One way would be to offer multiple variants optimized for different resource consumptions, so that the user can chose. This would be similar to e.g. the algorithms in the C++ STL are tagged with their algorithmic complexity for different operations. One could imagine a library of algorithms that are tagged with their resource overhead. This likely would need to be equations based on the input set size. Also since there are multiple resources (e.g. memory hierarchy, branch predictor, other software caches) it may need multiple indicators.
Modern caches are generally so complex that they are nearly impossible to analyze “on paper” (especially when you have multiple level interacting), and need measurements instead.
So developing metrics for this would be interesting. Since the costs are paid elsewhere (you cause a cache miss somewhere else) it is hard to associate the two by classic profiling. We have no way to directly monitor the various caches. For software caches this could be improved by adding better tracing capabilities, but for hardware it’s harder.
One way would be subtractive monitoring, similar to cyclesoak. You run a “cachesoak” in parallel to the program and it touches memory and using time measurements measures how much of its working set has been displaced by another program running on the same core.
This technique has been used for attacking cryptographic algorithms, by exploiting the cache access patterns of table lookups in common ciphers, or with OS paging starting in the 70ies for password attacks
One could also use this subtractive technique for other software caches. For example for a database access run a background thread that accesses the database in a controlled way and measures access times. The challenge of course would be to understand the caching behavior of the database well enough to get useful data.
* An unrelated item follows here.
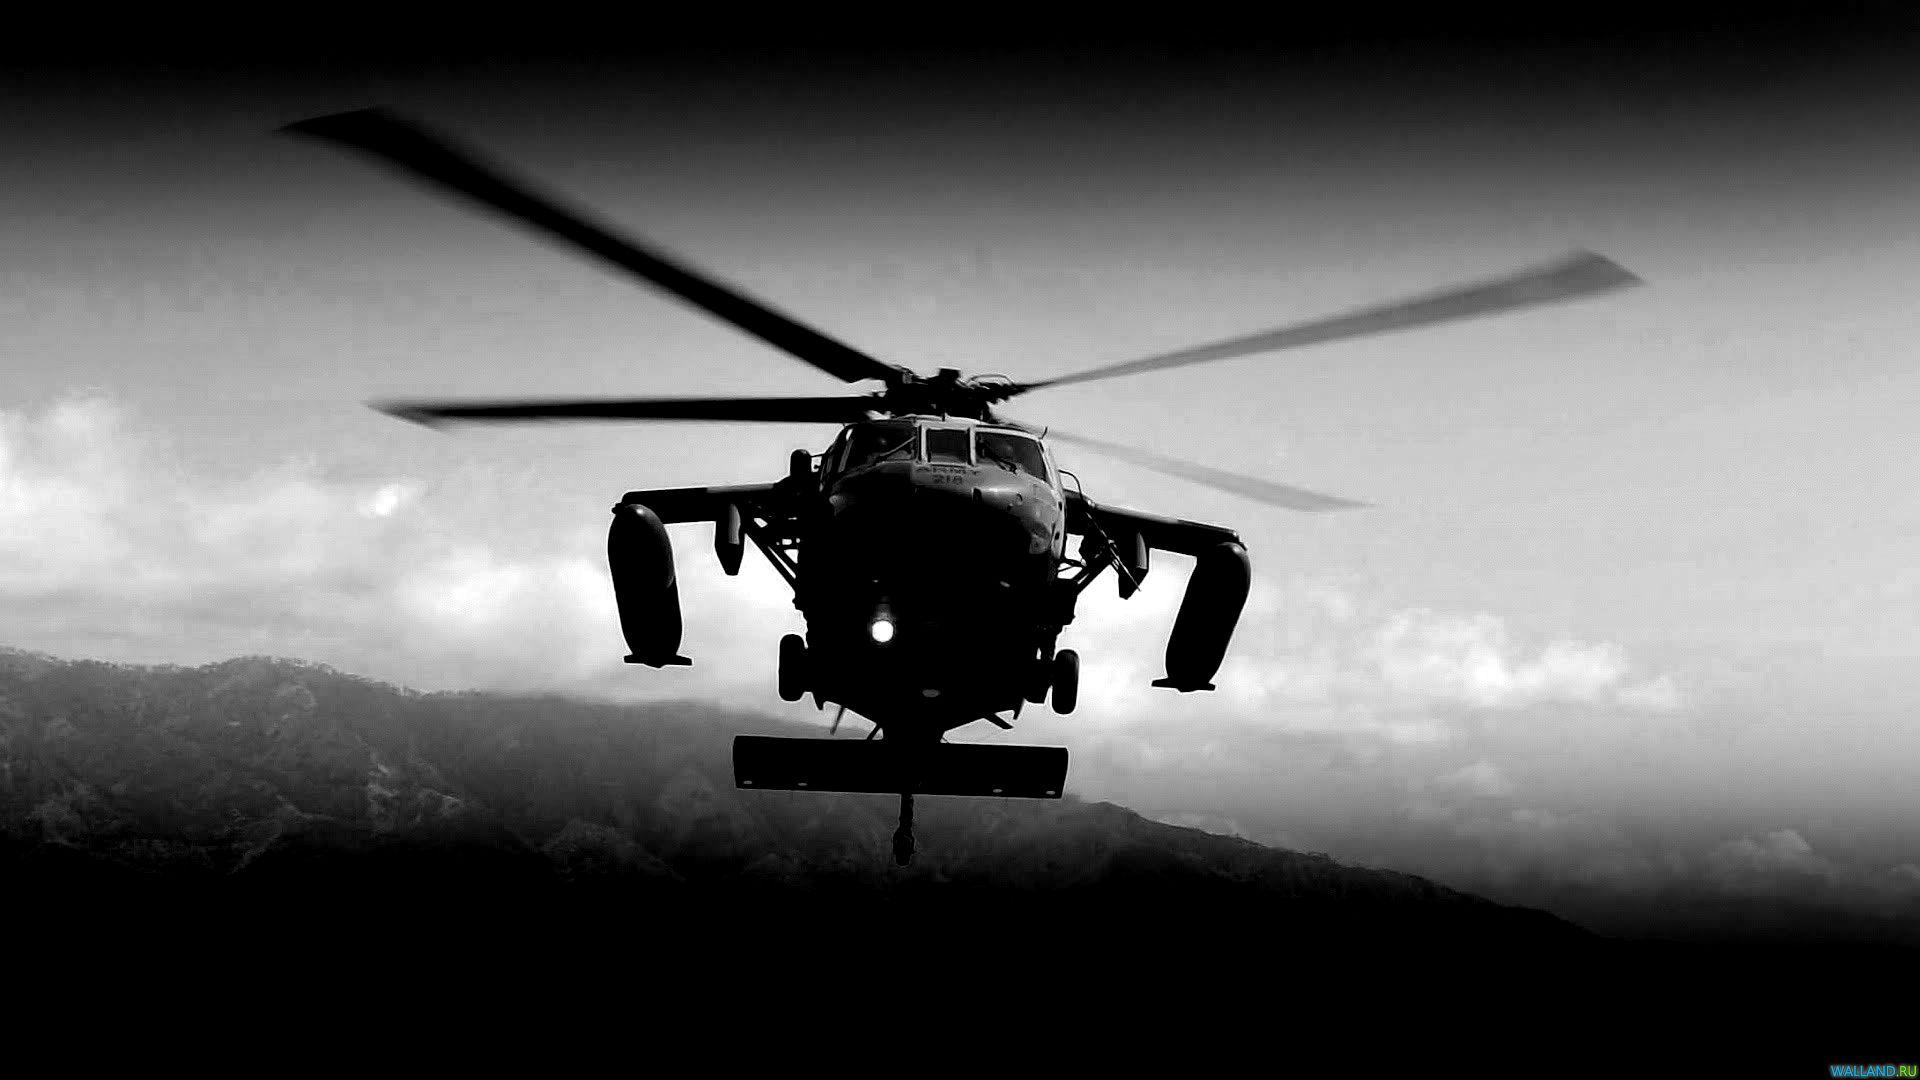 Обои, фото, вертолет, скачать

This all still doesn’t tell you where the resource consumption happens. So to measure the resource consumption of each subsystem in a complex program you would need to run each of it individually against a cyclesoak test. And ideally with a representative input data set, otherwise you may get unrealistic access patterns.
I mostly talked about memory hierarchy caches here, but of course this applies to other caches too. An interesting case is branch prediction caches in CPUs. A mispredicted branch can take take nearly an order of magnitude more time than a predicted branch. Indirect branches need more resources than conditional branches (full address versus single bit). I wrote about optimizing conditional branches earlier. So a less complex algorithm may be slower, but use less resources.
It would be interesting to develop a metric for the branch prediction resource consumption. One way may be to use a variant of cyclomatic complexity, but focus on the hot paths of the program only using profile feedback.
So overall allocating cache resources to different sub systems is hard. It would be good if we had better tools for this.